I just started this memoir by The Daily Show host  Trevor Noah on audio (narrated by the author) and love it already! Ratings on both goodreads and audible are very high... I suspect mine will be too.

Do Not Say We Have Nothing by Madeleine Thien
My library hold came in on Friday and I had time to read just a handful of pages that evening. This appears to be beautifully written novel, with a powerful opening. I can't wait to read more!
In a single year, my father left us twice. The first time, to end his marriage, and the second, when he took his own life. That year, 1989, my mother flew to Hong Kong and laid my father to rest in a cemetery near the Chinese border. Afterwards, distraught, she rushed home to Vancouver where I had been alone. I was ten years old.

In the kitchen//

Mediterranean was the word of the week... two new recipes, both variations on that theme. Mediterranean Baked Halibut with Vegetables from The Mediterranean Dish was actually a sheet pan supper... so easy, so good, and very little clean-up. I shopped a little earlier than usual and Wegmans halibut hadn't arrived yet, so I substituted cod.
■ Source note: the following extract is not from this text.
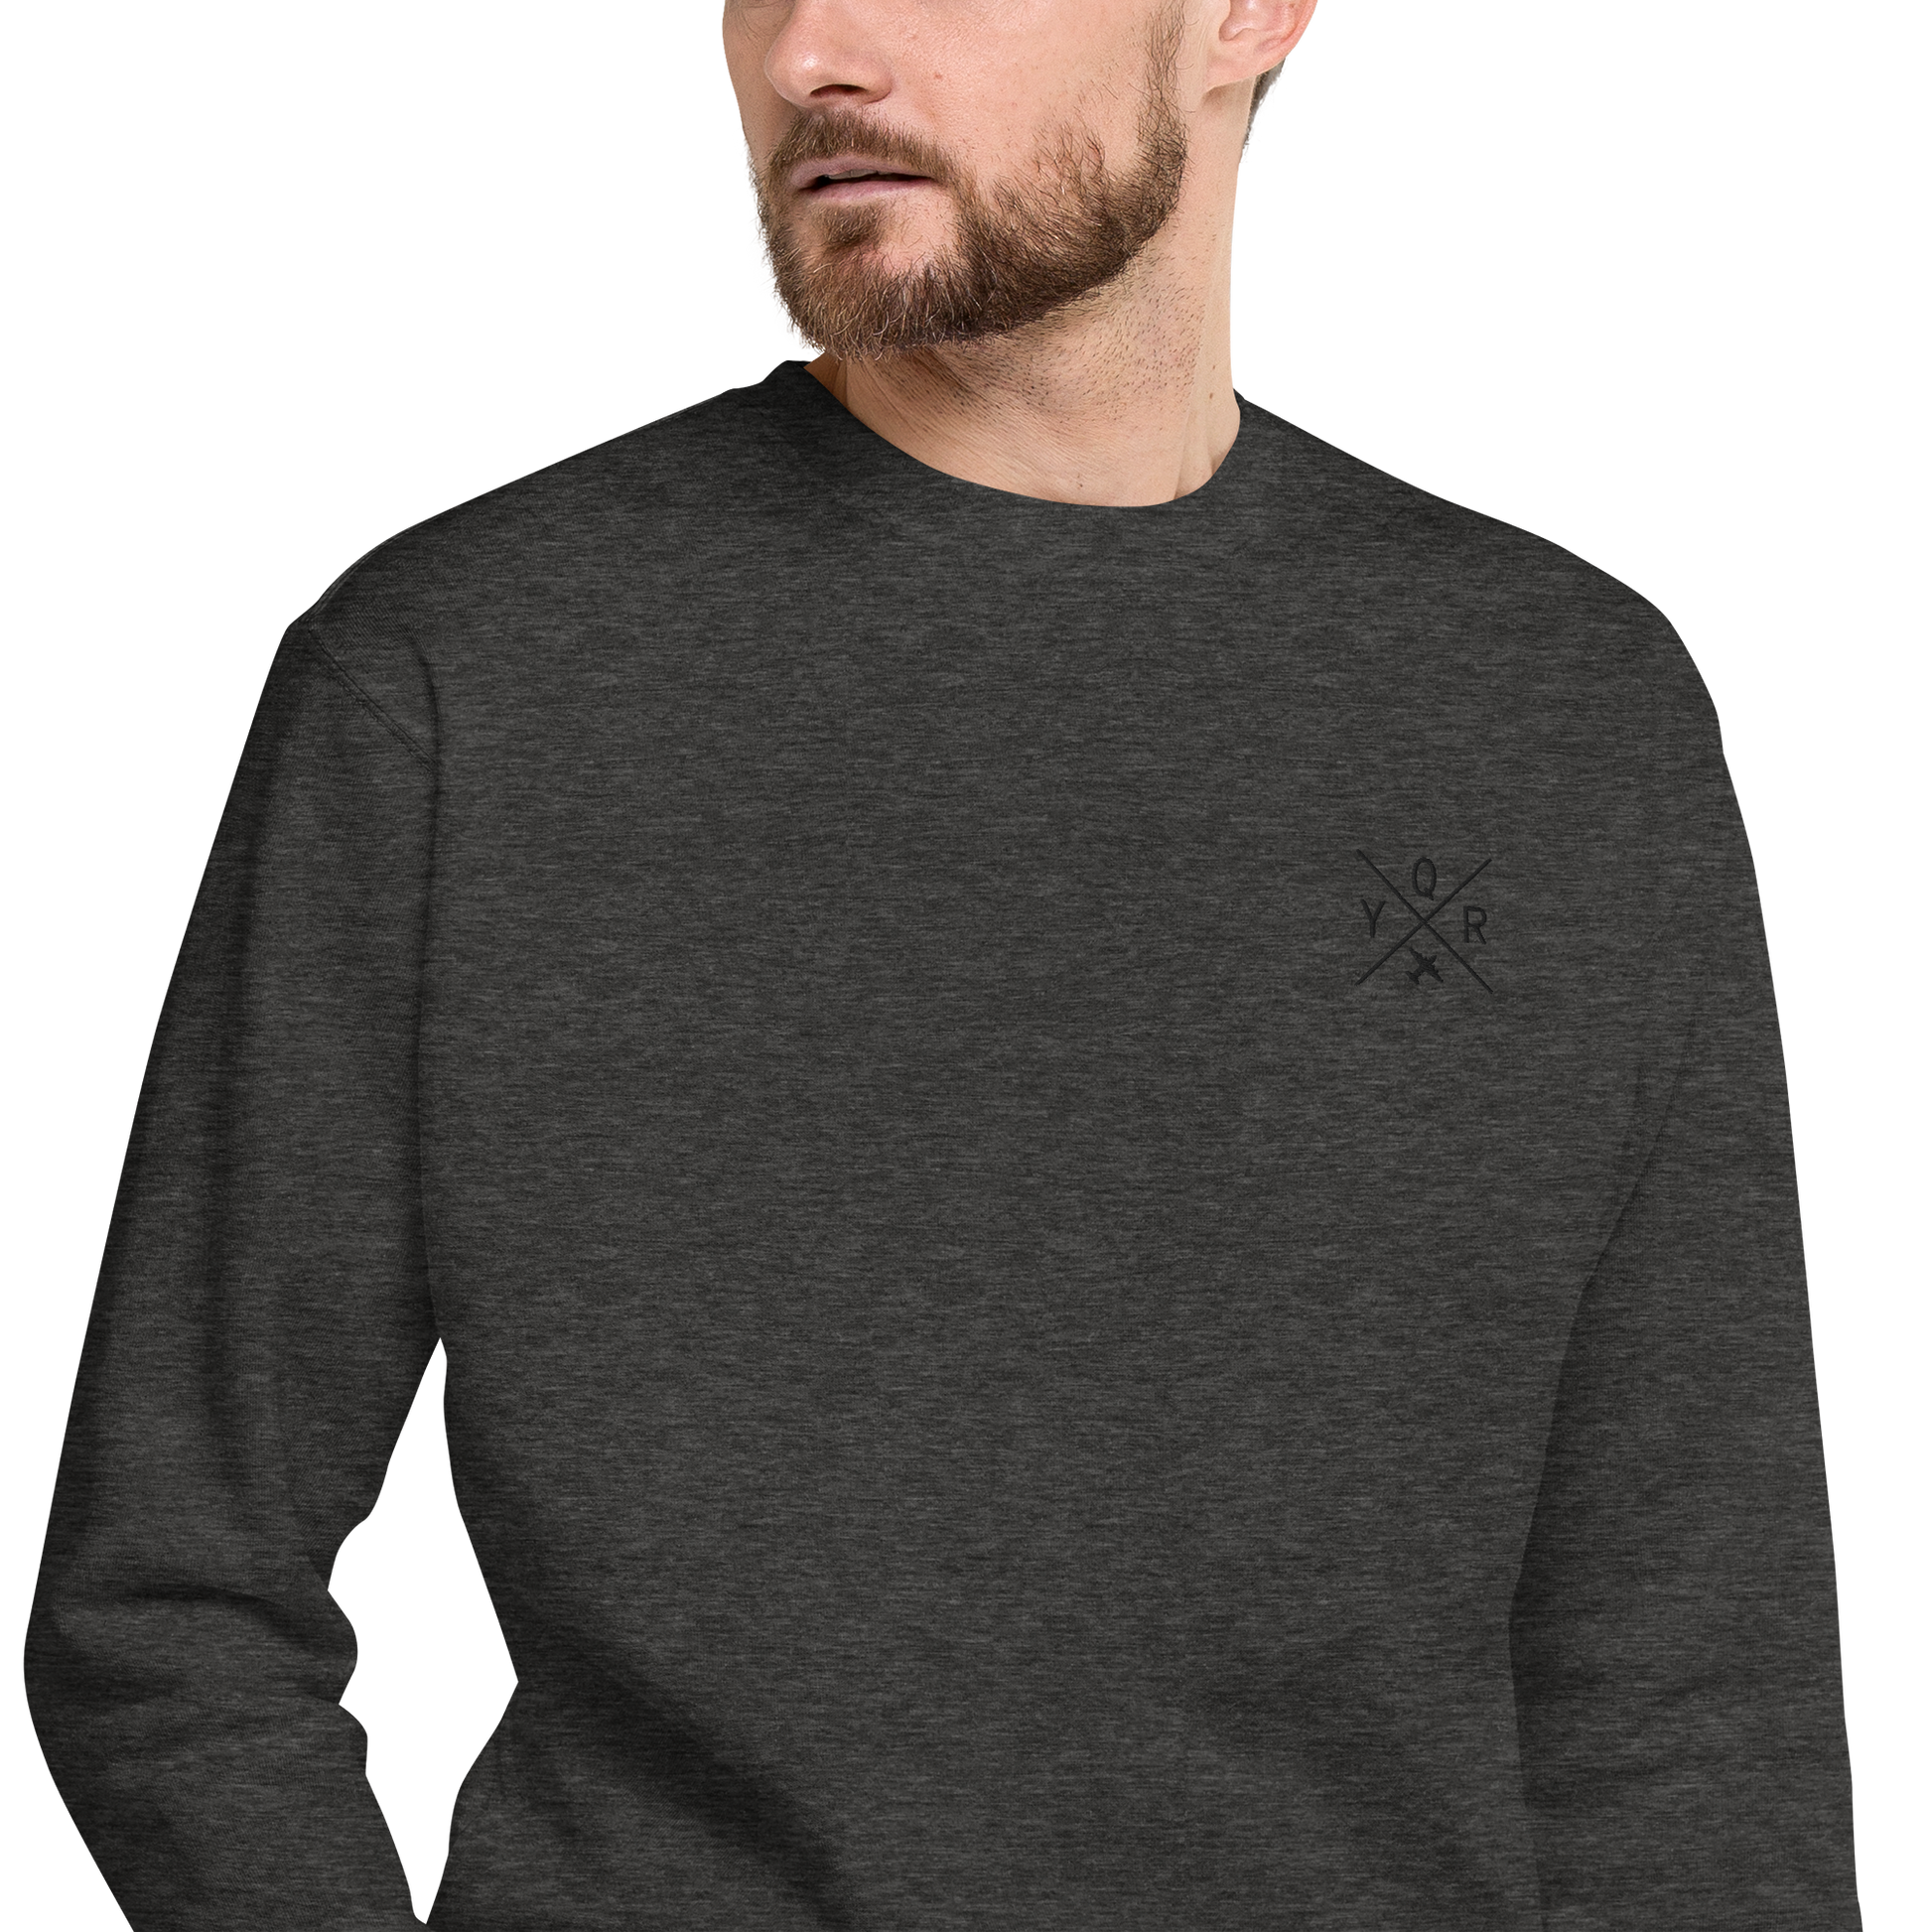 Crossed-X Premium Sweatshirt • YQR Regina • YHM Designs - Image 07

We all enjoyed this dish and I can see trying it again with scallop or swordfish, as well as halibut. In case you're wondering, the photo is from the website ;-)

Last night I tried Mediterranean Grilled Chicken Breasts from Served from Scratch - only my chicken breasts were actually thighs. I followed the recipe exactly as written. It says to marinate the chicken for 20 minutes up to two days. After 6 or 7 hours, the chicken was a little too lemony for my taste, but my husband and Twin B loved it. There were no leftovers. Next time, I'll only let it marinate for an hour or two.

The week ahead//
It's going to be busy...  a lot of activities early in the the week, then we're off to NYC Thursday night or Friday morning. We'll return on Sunday in time for a Father's Day dinner with my dad.

How was your week? What are you reading today?